In “Domestic Furniture,” his exhibition of new work at Lora Reynolds Gallery, McMakin continues his wittily hybridized approach to art making. Here, irreverent, referential twists transform functional objects into sculpture (meant to be opened, sat on, etc). By injecting chairs, side tables, and chests with aesthetic idiosyncrasies, cultural content, and art historical innuendo, McMakin topples and expands traditional expectations.
A straightforward set of drawers evolves with the intentional addition of an off-kilter handle. There is a prop-like, humorous quality to this imperfect gesture—traits encouraged by McMakin’s title: The Chest of Drawers behind James Jamesson and Jimmy Fanz in Raging Stallion Studios’ Timberwolves (2014). The description reveals that the piece was inspired by the set of an adult film.
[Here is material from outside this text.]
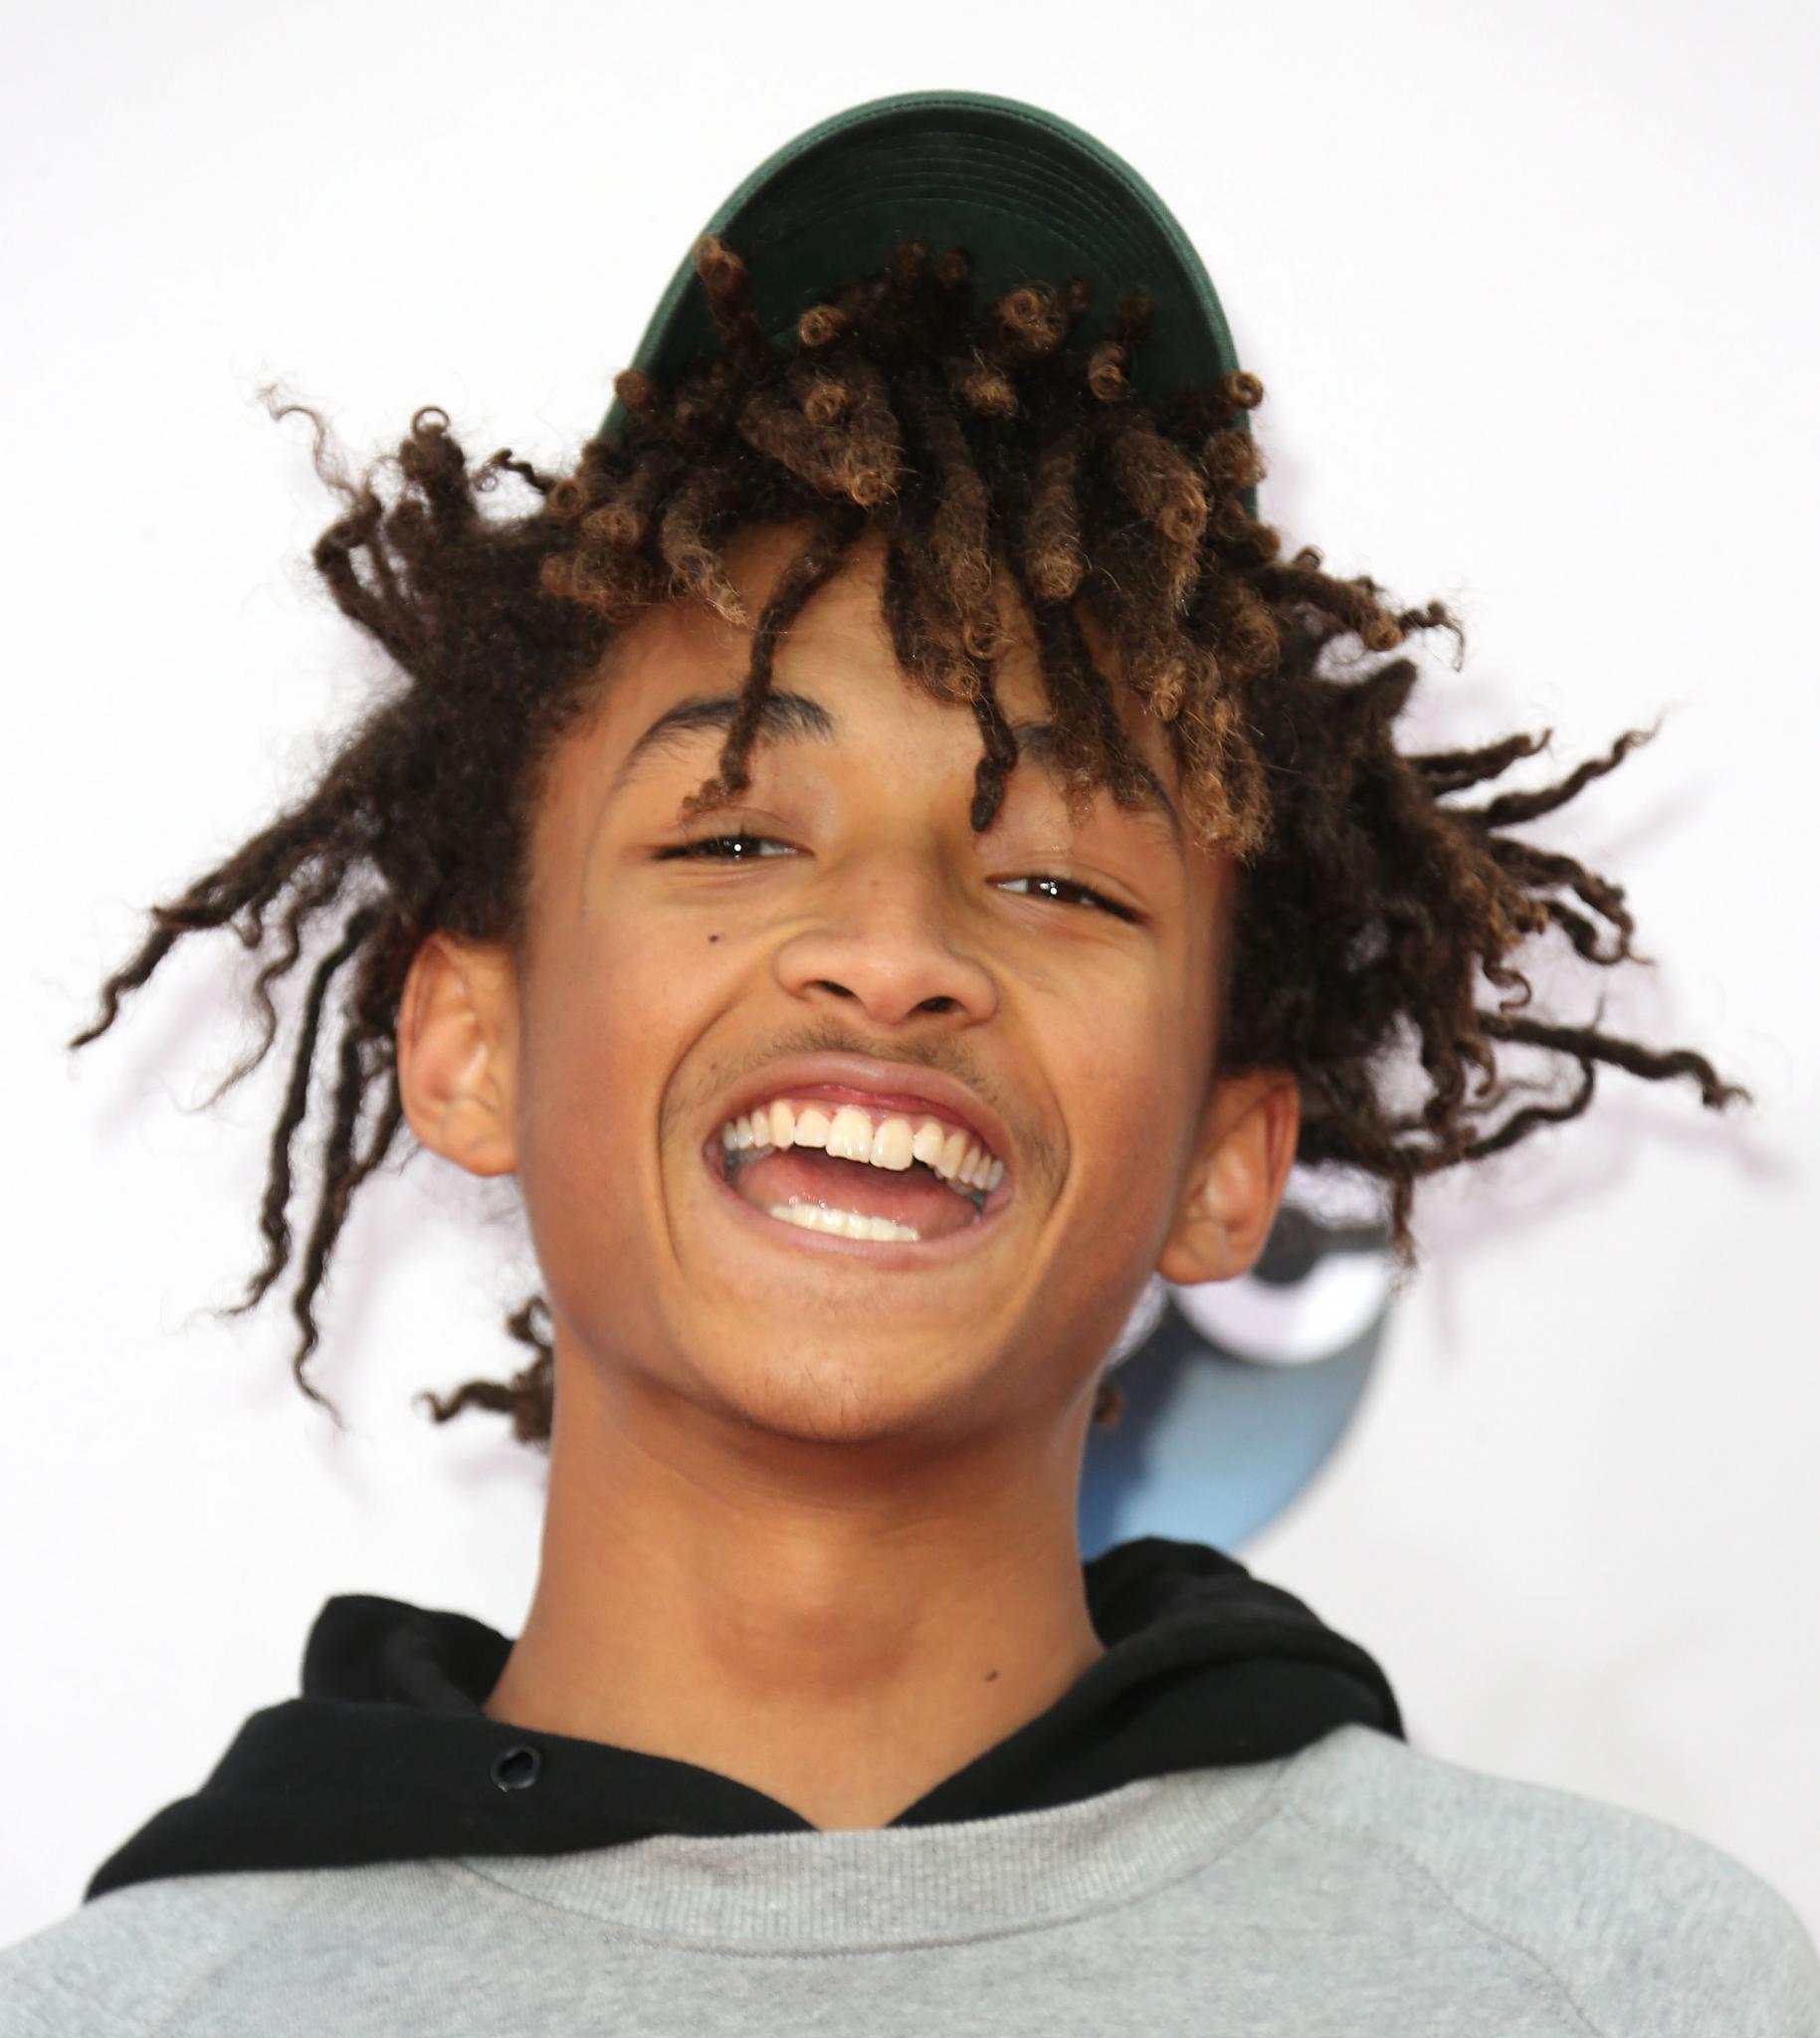 Jaden Smith and Maya Rudolph to Star in New HBO Pilot
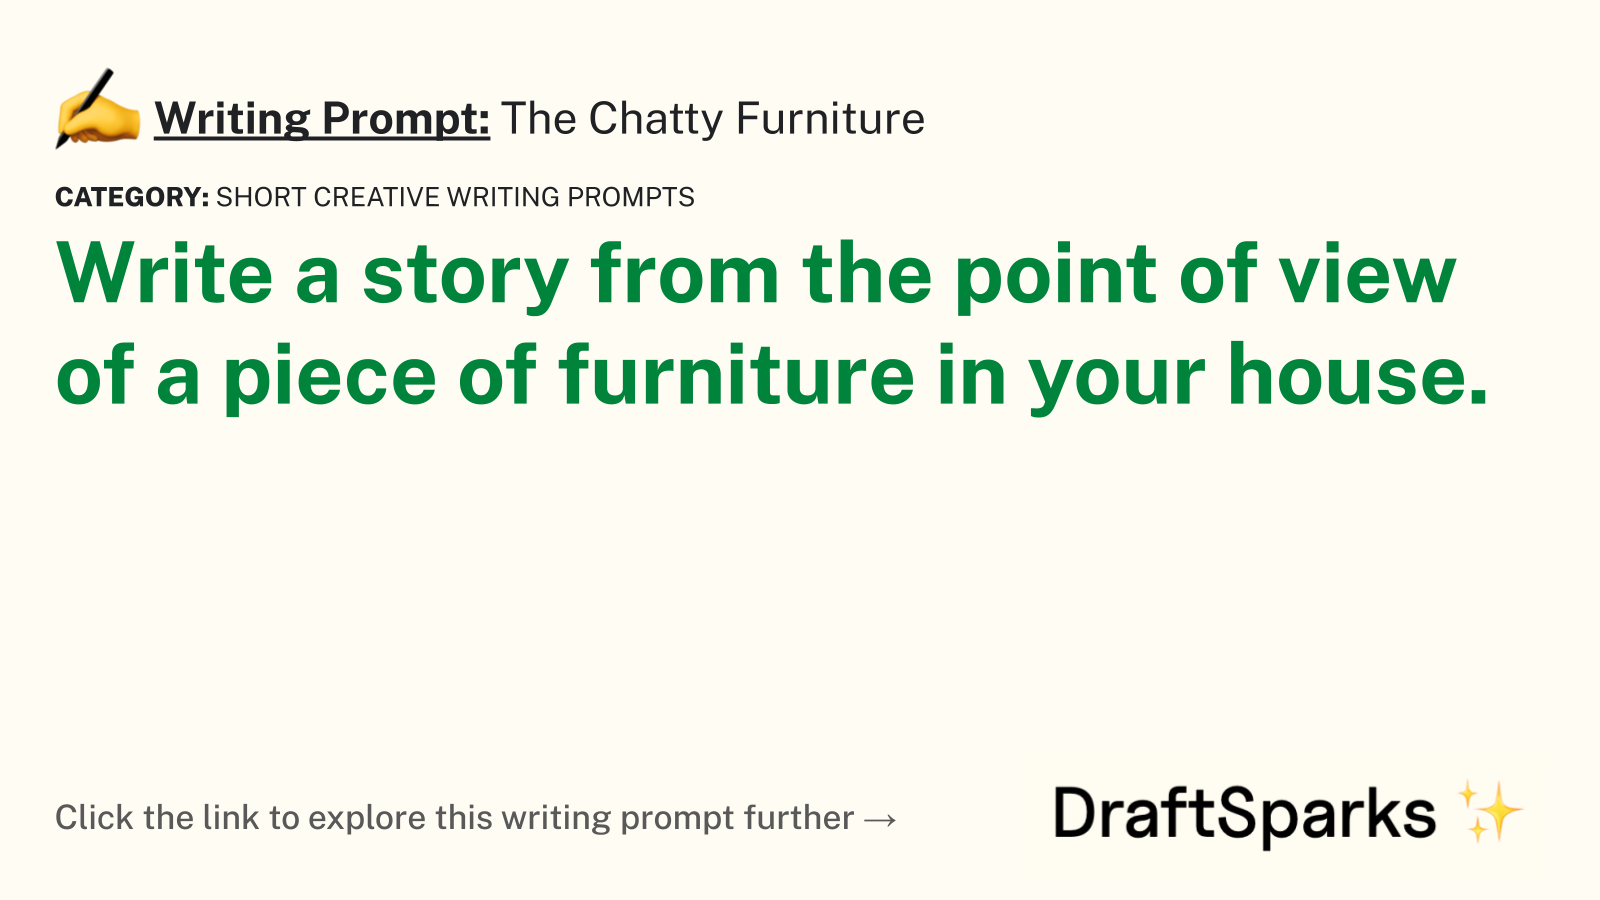 The Chatty Furniture

11 AM (2014) presents a boldly blue, oversized armchair. It is also a physicalization of a 1926 Edward Hopper painting of the same name. In the painting, a naked woman wearing only slippers, sits on a similar chair and looks longingly out a window. The reference adds to the sense of solitary but secure contemplation that McMakin’s big, comfortable form expresses.
In A New White Chair from a Dark Old House (2014), McMakin scrambles and reconstitutes Windsor-esque details into a chair designed from memories of traditional ornamentation and, more intimately, past homes. A tabula rasa in the form of functional furniture, this piece calls up a range of references, and perhaps emotional responses, from viewers.
“The functional use of an art object is so interesting. I figured out long ago that if, as an artist, you allow folks to use your works, it changes everything,” said McMakin. For the artist, utilitarian design offers a democratic, inevitably personal platform for concept and, here, the mercurial and subjective nature of meaning.
“Domestic Furniture” is on view at Lora Reynolds Gallery, Austin, September 13th–November 8th, 2014.